Veri provides two deployment paths:
- Hosted deployment — deploy directly from a completed training job. Veri provisions GPU, serves the model, and gives you an OpenAI-compatible endpoint with per-request logging and metrics.
- Self-hosted — download the checkpoint and serve it in your own stack (vLLM, SGLang, Transformers, etc.).
Hosted Deployment
Create a deployment
Deploy a completed training job as an inference endpoint:
from veri_sdk import Client
client = Client()
deployment = client.deployments.create(
model="JOB_ID", # training job ID
source="training_job",
name="my-math-model",
gpu={"gpu_type": "H100", "gpu_count": 1},
)
print(f"Deployment ID: {deployment.id}")
print(f"Status: {deployment.status}")
curl -X POST https://api.veri.studio/v1/deployments \
-H "Authorization: Bearer $VERI_API_KEY" \
-H "Content-Type: application/json" \
-d '{
"model": "JOB_ID",
"source": "training_job",
"name": "my-math-model",
"gpu": {
"gpu_type": "H100",
"gpu_count": 1
}
}'
You can also deploy HuggingFace models directly:
curl -X POST https://api.veri.studio/v1/deployments \
-H "Authorization: Bearer $VERI_API_KEY" \
-H "Content-Type: application/json" \
-d '{
"model": "Qwen/Qwen3-4B",
"source": "huggingface",
"name": "qwen3-base",
"gpu": {"gpu_type": "A100-80GB", "gpu_count": 1}
}'
Deployment lifecycle
Queued
Deployment created, waiting for GPU provisioning.
Provisioning
GPU instance is starting and the model is loading.
Serving
Endpoint is live and accepting inference requests.
Stopped
Deployment was stopped by the user.
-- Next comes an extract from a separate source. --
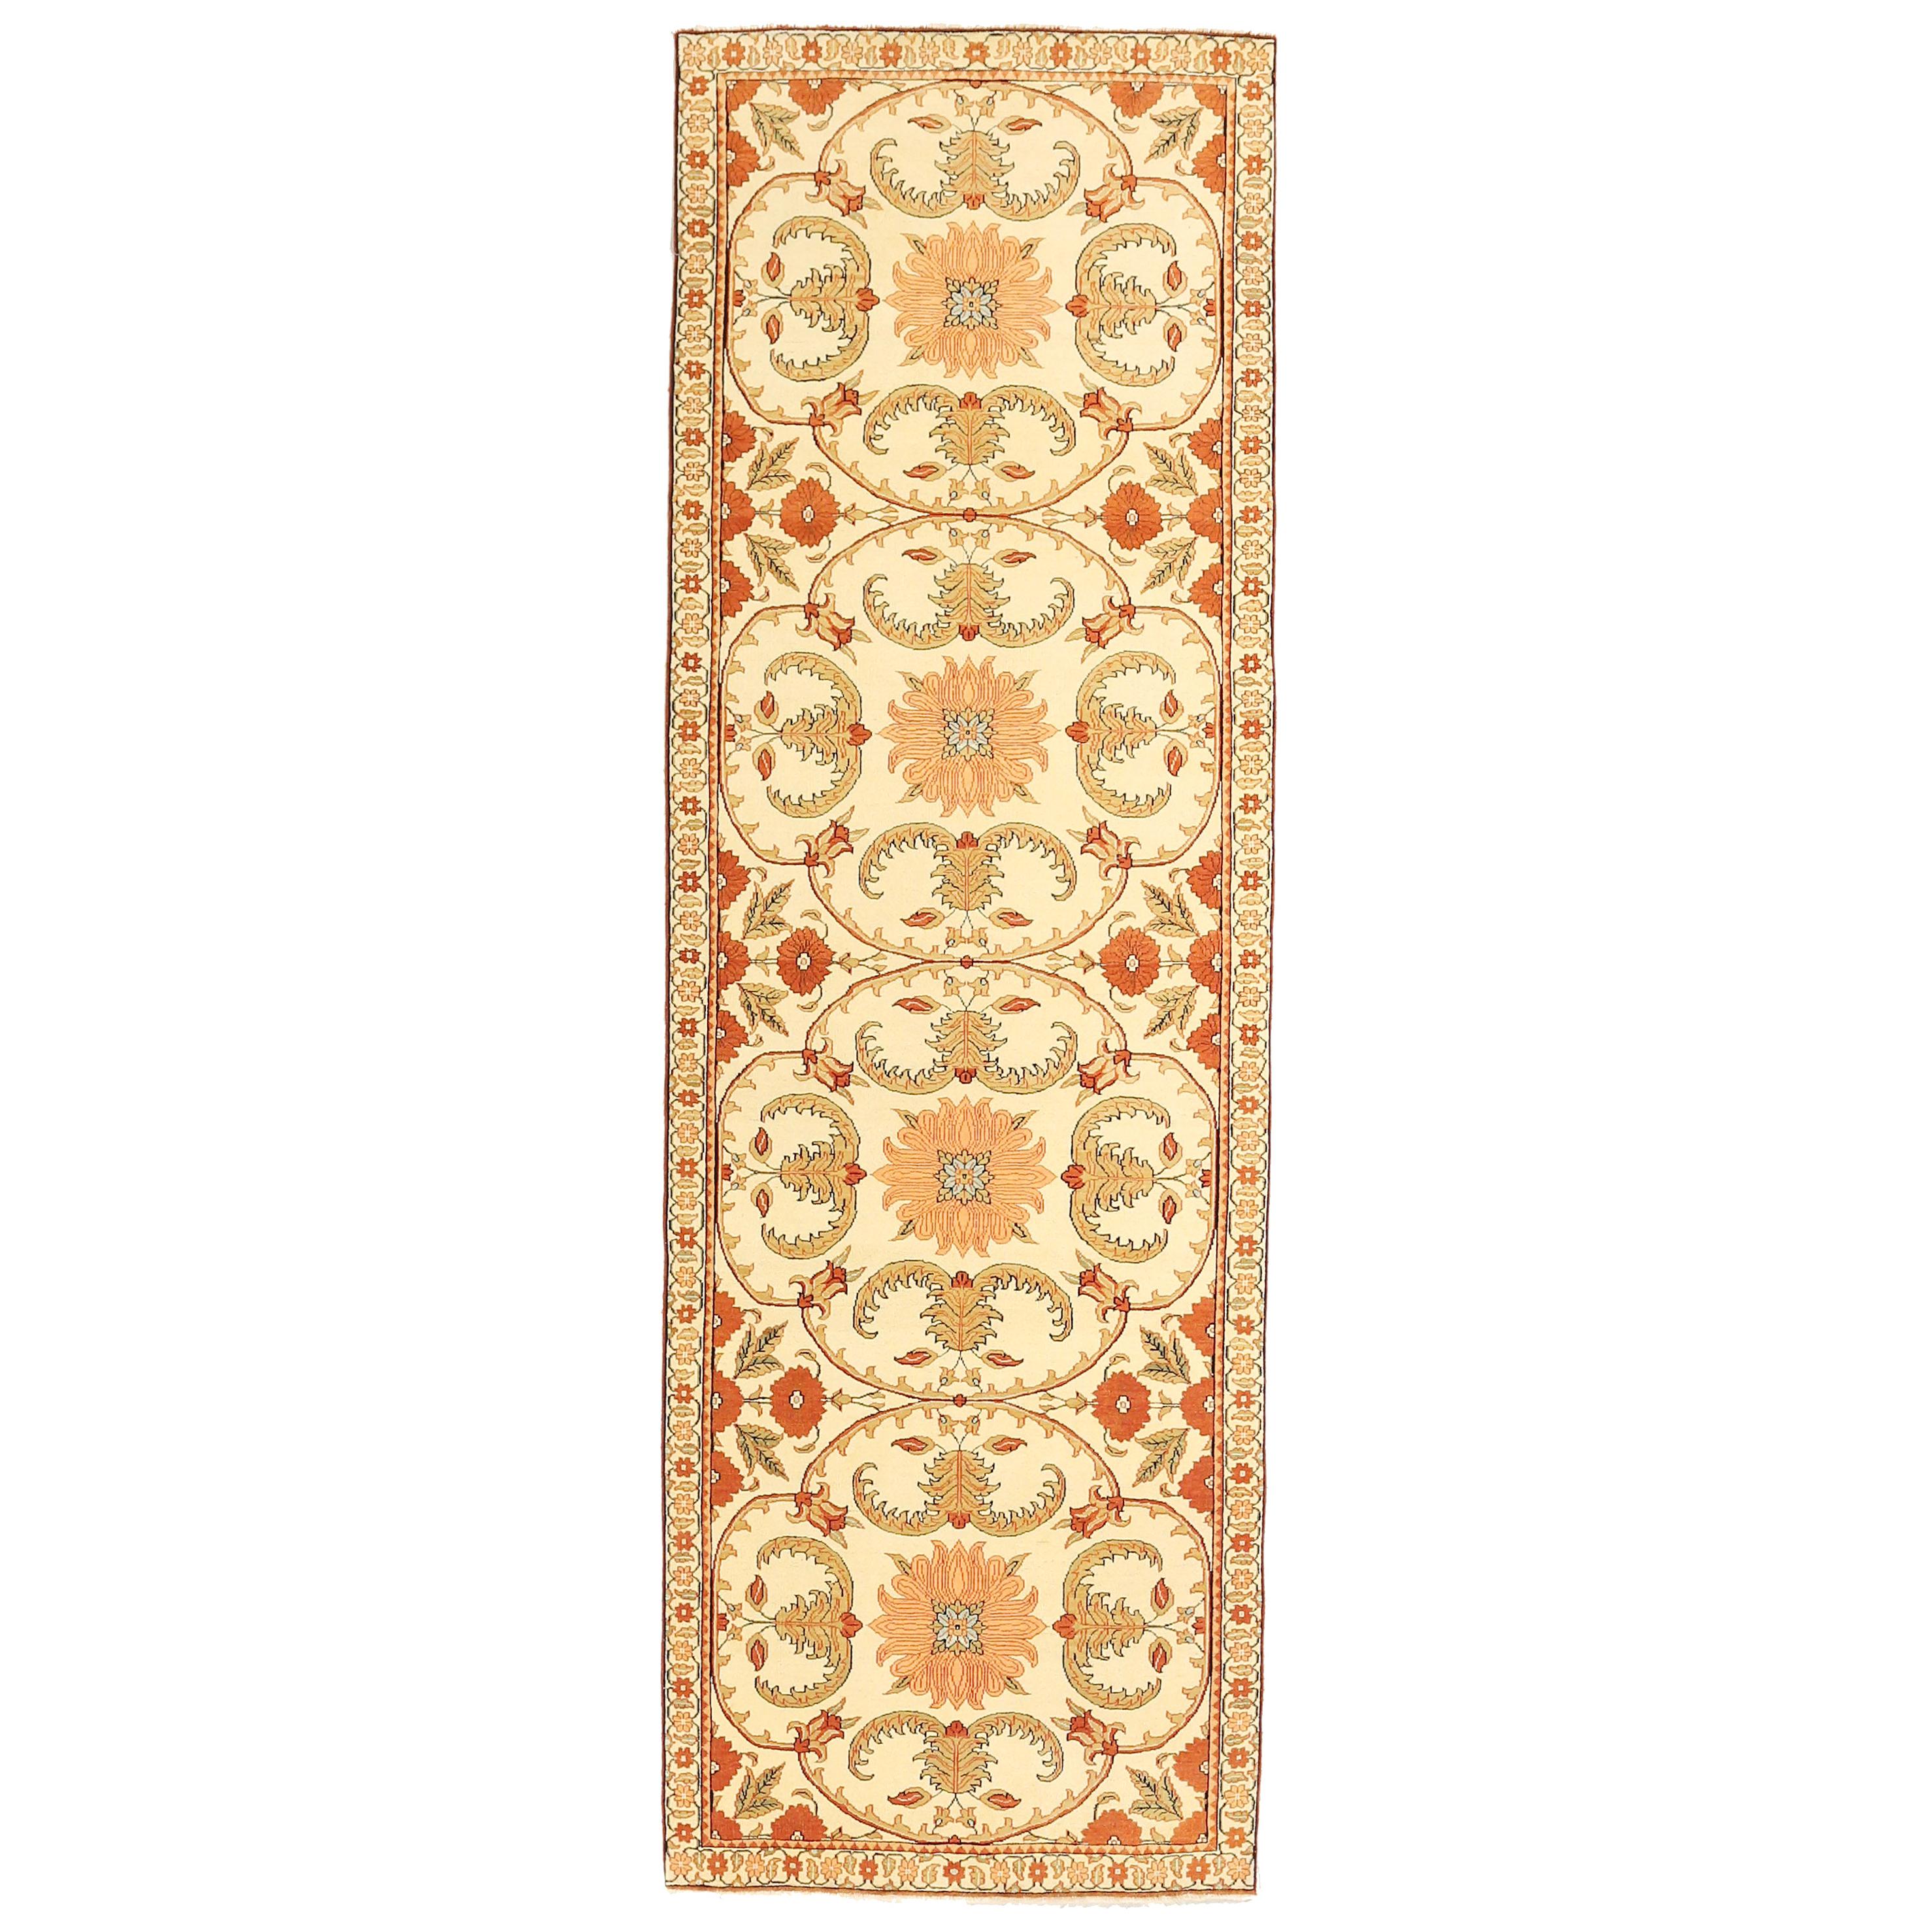 Antique Turkish Agra Runner Rug with Beige & Orange Botanical Details For Sale

GPU released, billing stopped.
Send inference requests
Once the deployment is serving, send OpenAI-compatible chat completion requests:
from openai import OpenAI
client = OpenAI(
base_url="https://api.veri.studio/v1/deployments/DEPLOYMENT_ID",
api_key="vk_your_api_key",
)
response = client.chat.completions.create(
model="my-math-model",
messages=[
{"role": "user", "content": "What is 15% of 240?"}
],
)
print(response.choices[0].message.content)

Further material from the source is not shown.